RICHMOND, Va. -- In the wake of recent flooding in western Virginia, some people are surprised to find their insurance does not cover flood damage to their home, business or belongings. In the last four years the area has seen as many as six presidential disaster declarations, and four of those have been due to flooding.
“Standard homeowner and renter insurance policies do not cover flood damage,” said Lou Botta, federal coordinating officer for the U.S. Department of Homeland Security’s Federal Emergency Management Agency (FEMA).
For that reason Congress established the National Flood Insurance Program (NFIP) in 1968. The insurance is available to residents of communities enrolled in NFIP. Since its inception, almost 20,000 communities in the United States have joined the program, 270 of them are in Virginia.
You may purchase flood insurance even after your home, apartment or business has been flooded. There is a 30-day waiting period after you’ve enrolled before the policy is effective.

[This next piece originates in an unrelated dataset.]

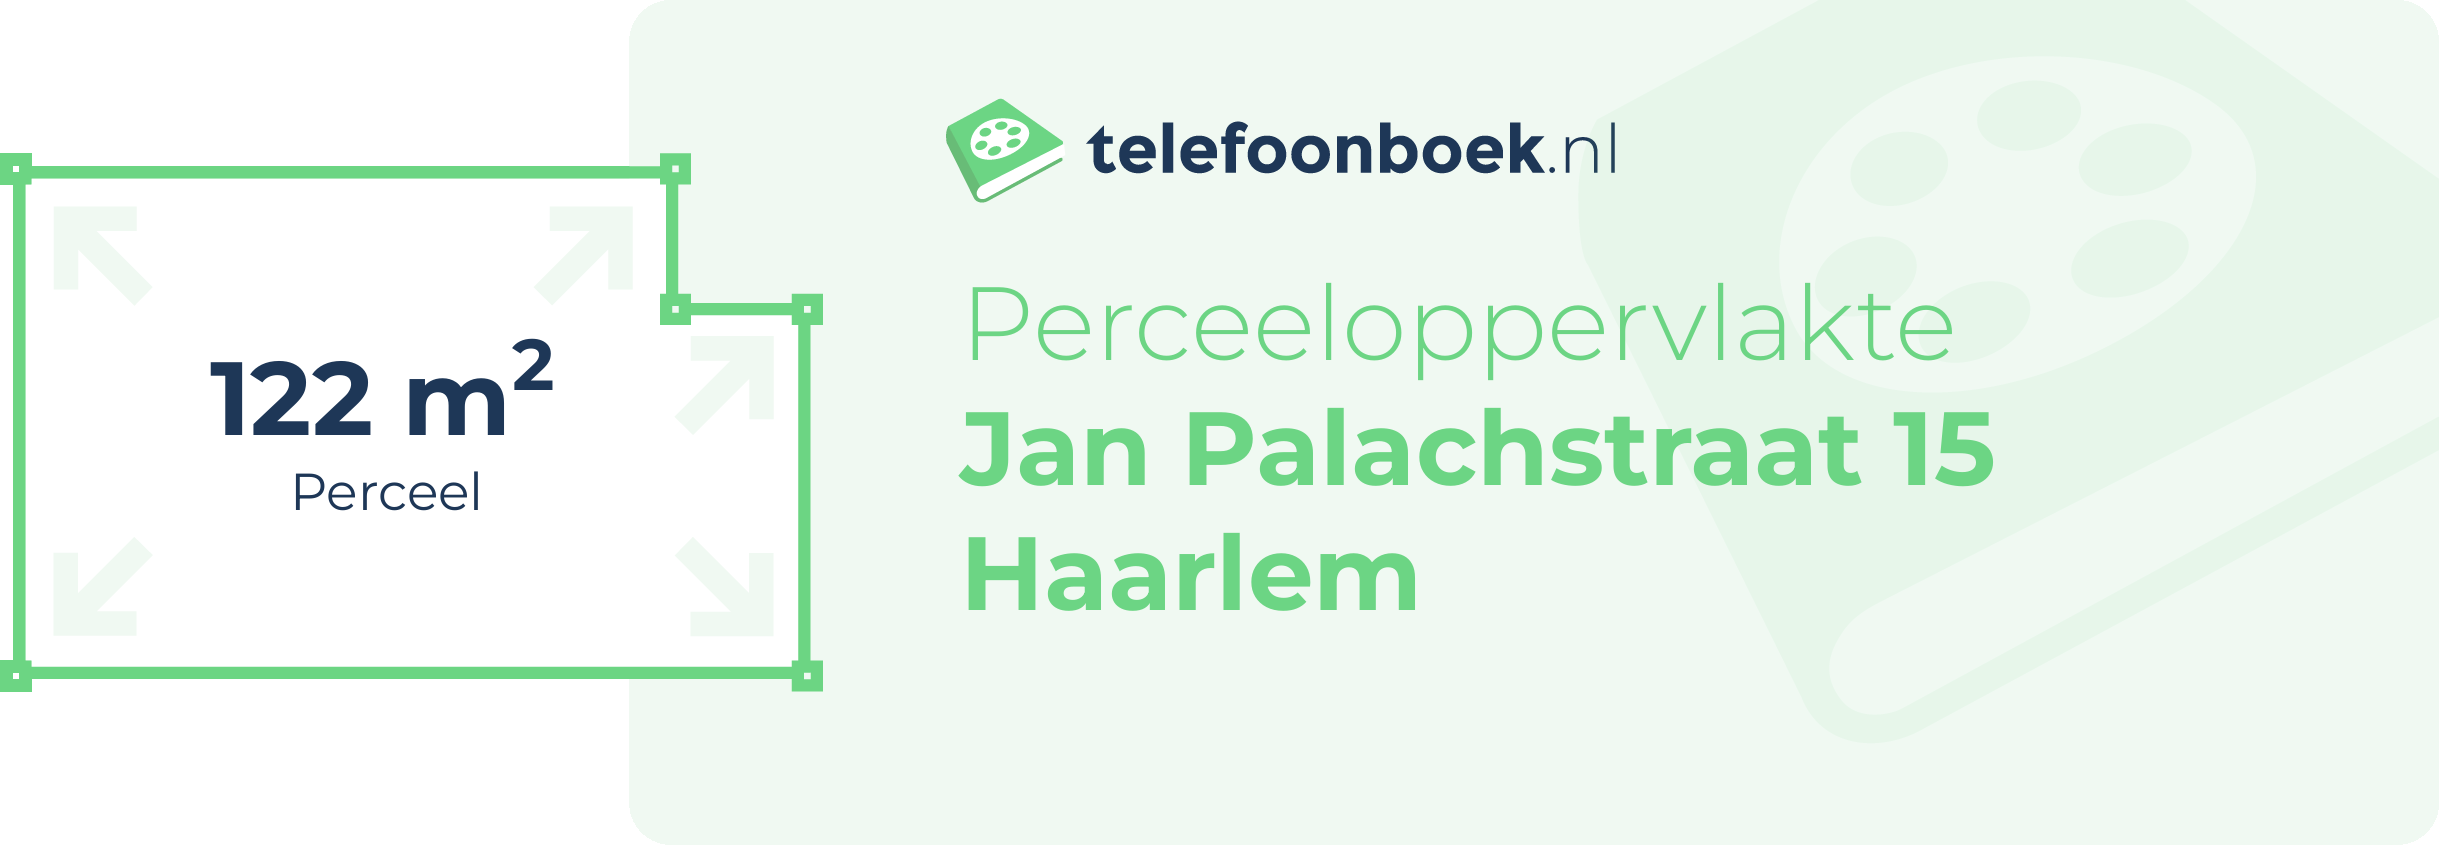 Perceeloppervlakte Jan Palachstraat 15 Haarlem

“You don’t have to be in a floodplain to get NFIP flood insurance,” explained Botta. “Twenty-five to 30 percent of all covered claims come from low to moderate risk areas.”
Basic flood insurance policies cover structural damage, including permanent attachments, such as furnaces and hot water heaters. Other contents can be covered for additional fees. Flood insurance can cover either the cash value of property lost to flood or replacement costs. Rates vary based on location and potential for flood damage.
Those who purchase flood insurance should develop written and photographic inventories that detail insured possessions. Such records should be kept in a secure place. For more information about the NFIP, call (800) 638-6620 or your insurance company. You may also find additional information at www.floodalert.fema.gov
If your home or business suffered damage as a result of the November 18 – 19 flooding in the western portions of the Commonwealth of Virginia, you should contact your insurance agent and begin the claims process. Keep receipts from any expenses you incurred in protecting the property or in making temporary repairs. Do not make permanent repairs until your insurance adjuster has made an inspection. However, you can make temporary repairs. For example, if you had floodwater in your home, remove the wet carpeting, dry wall and insulation. Keep samples of discarded items such as damaged carpet to show the adjuster. Keep an inventory of your damaged property, take pictures or videotape the damage, if possible. You are obligated by policy terms to protect your home and property from further damage.
Each policy has information about your obligations as the insured in the claims process and what to do if you are unable to come to an agreement with your insurance company. It is important to work with your adjuster for a smooth claims settlement. However, if you are unable to come to an agreement with your adjuster, you should ask to have your claim reviewed by the adjuster’s supervisor. If you are unable to resolve your flood insurance claim, notify your insurance company and request the NFIP to assign a general adjuster to review your claim.
You can find information about handling insurance claims, other than flood-related insurance claims, by going to the Virginia Bureau of Insurance website at: www.state.va.us/scc/division/boi, or by calling 1-877-310-6560 or 1-804-371-9185. There is a wealth of information to assist you in settling your claim and information on how to get assistance from the Bureau of Insurance should you have any difficulties.